> Task statement:
From the line containing "Neuer Weg (NW), Organ" to the final line of the material below, return every line exactly. Do not include pictures.

> Supplied information:
════════════════

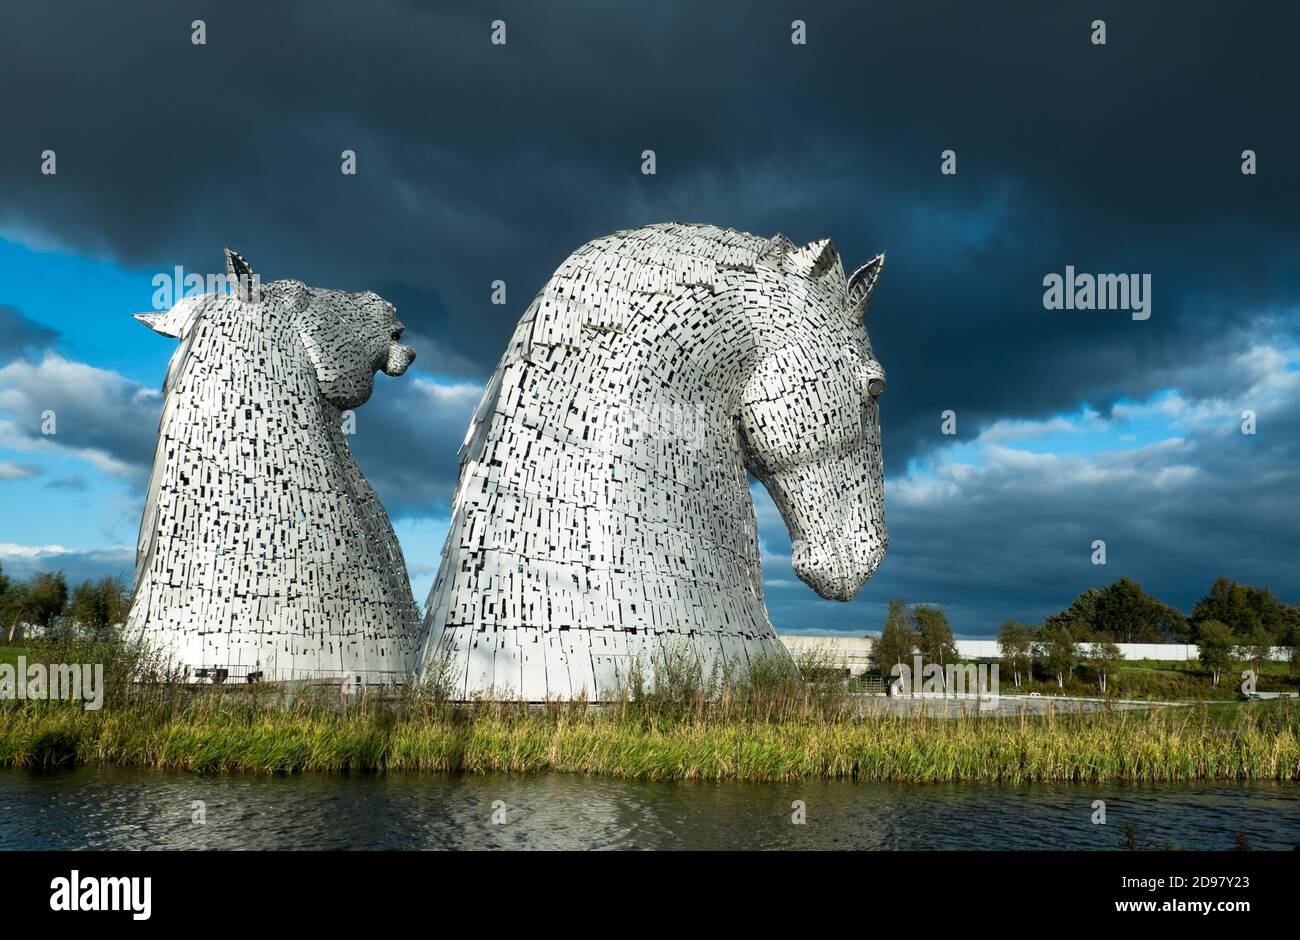 Il Kelpies Installazione di Arte pubblica e attrazioni turistiche. Enormi sculture in acciaio create dall'artista Andy Scott Stand by the Forth & Clyde Canal Foto Stock
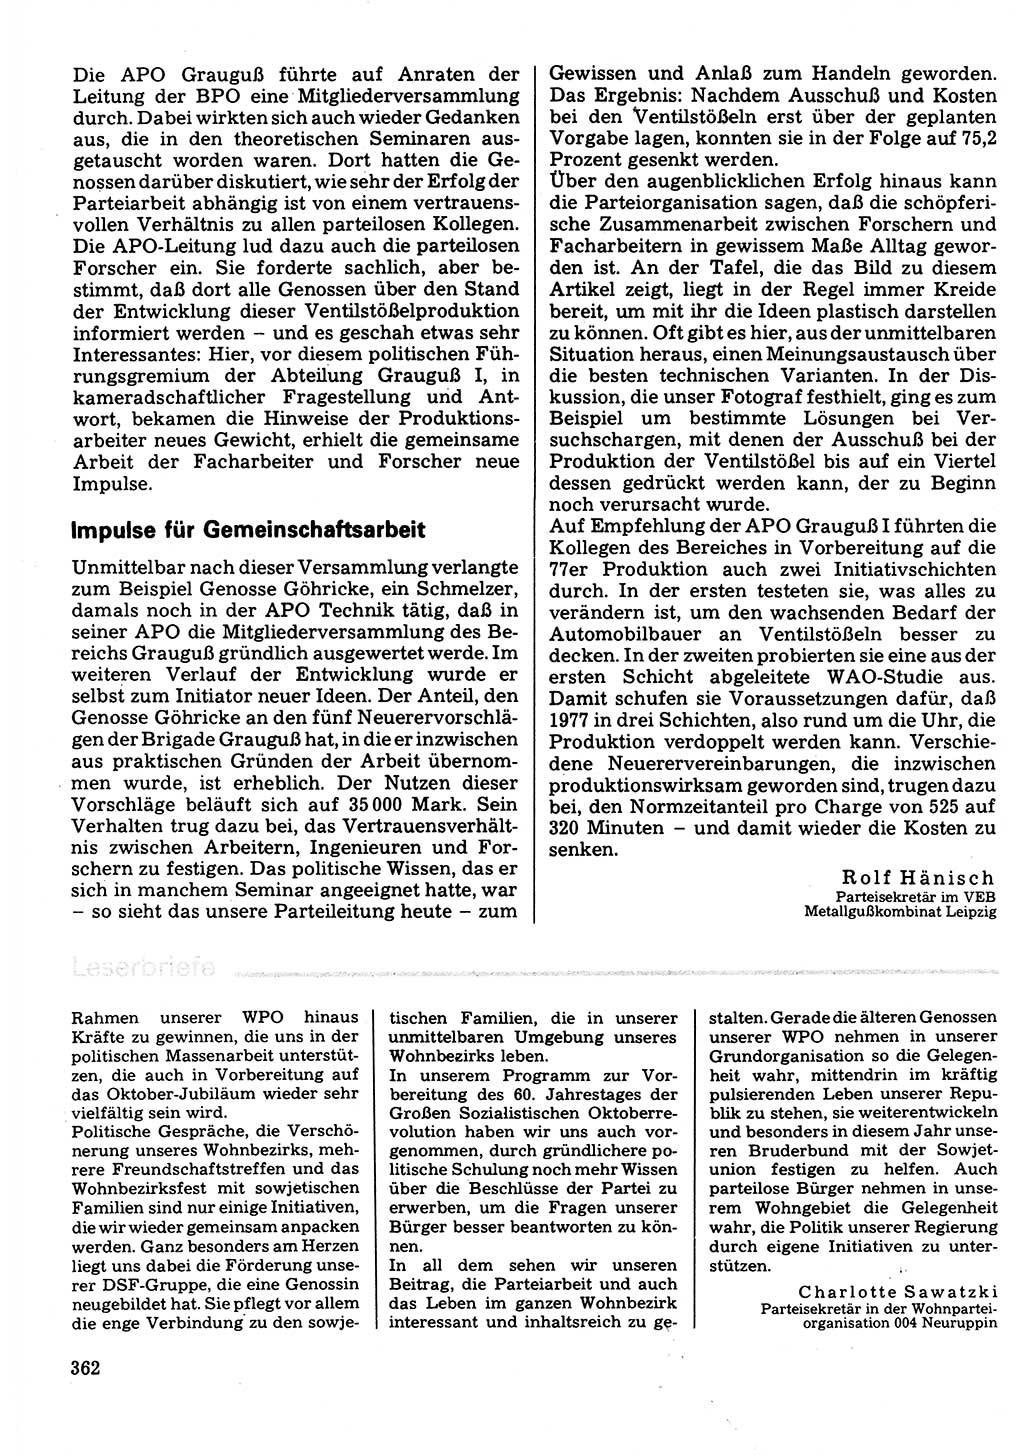 Neuer Weg (NW), Organ des Zentralkomitees (ZK) der SED (Sozialistische Einheitspartei Deutschlands) für Fragen des Parteilebens, 32. Jahrgang [Deutsche Demokratische Republik (DDR)] 1977, Seite 362 (NW ZK SED DDR 1977, S. 362)
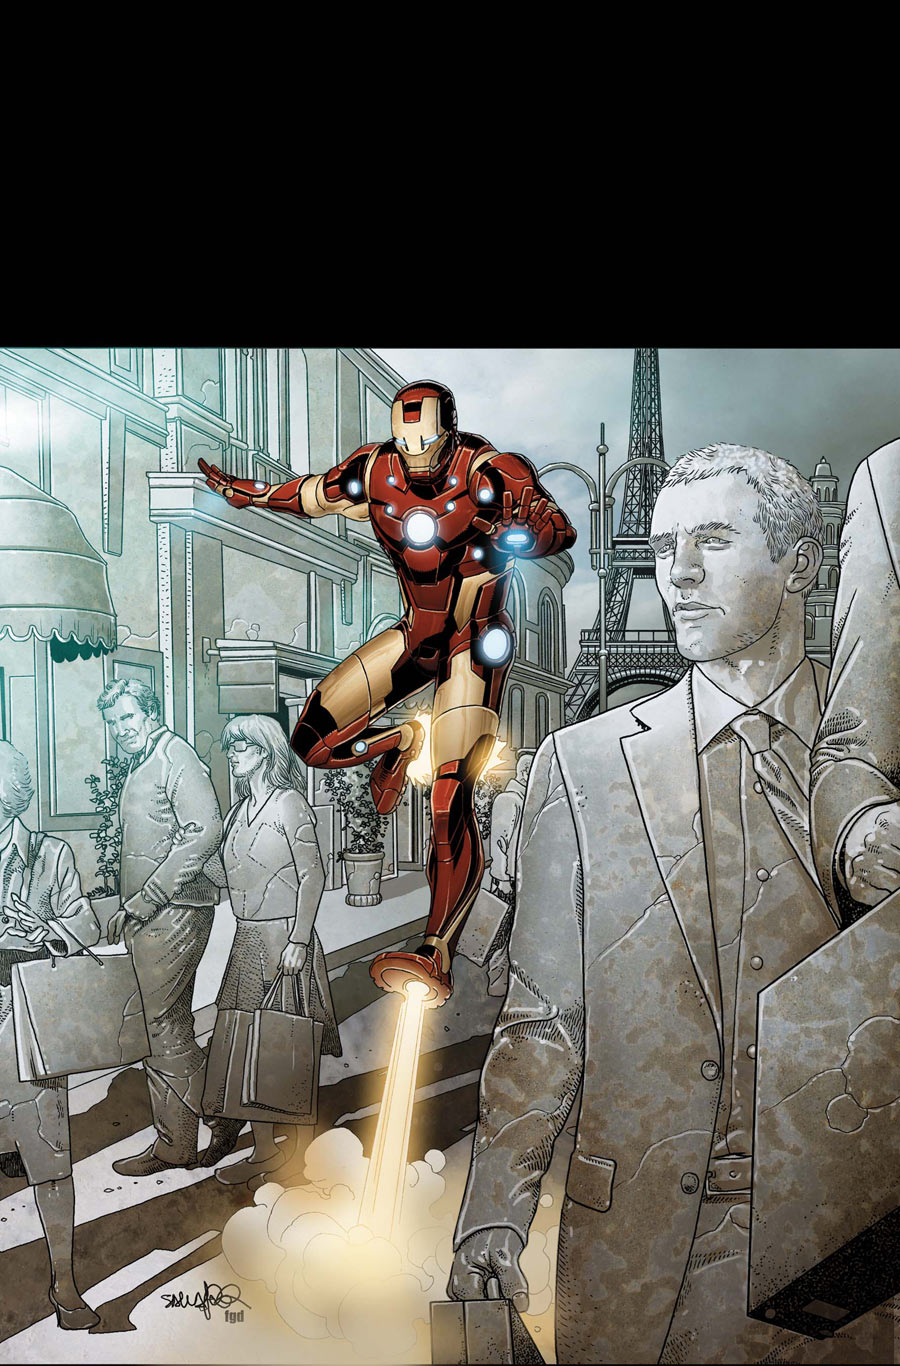 Invincible Iron Man #504

════════════════

> Solution to the exercise:
 Neuer Weg (NW), Organ des Zentralkomitees (ZK) der SED (Sozialistische Einheitspartei Deutschlands) für Fragen des Parteilebens, 32. Jahrgang [Deutsche Demokratische Republik (DDR)] 1977, Seite 362 (NW ZK SED DDR 1977, S. 362)
 Invincible Iron Man #504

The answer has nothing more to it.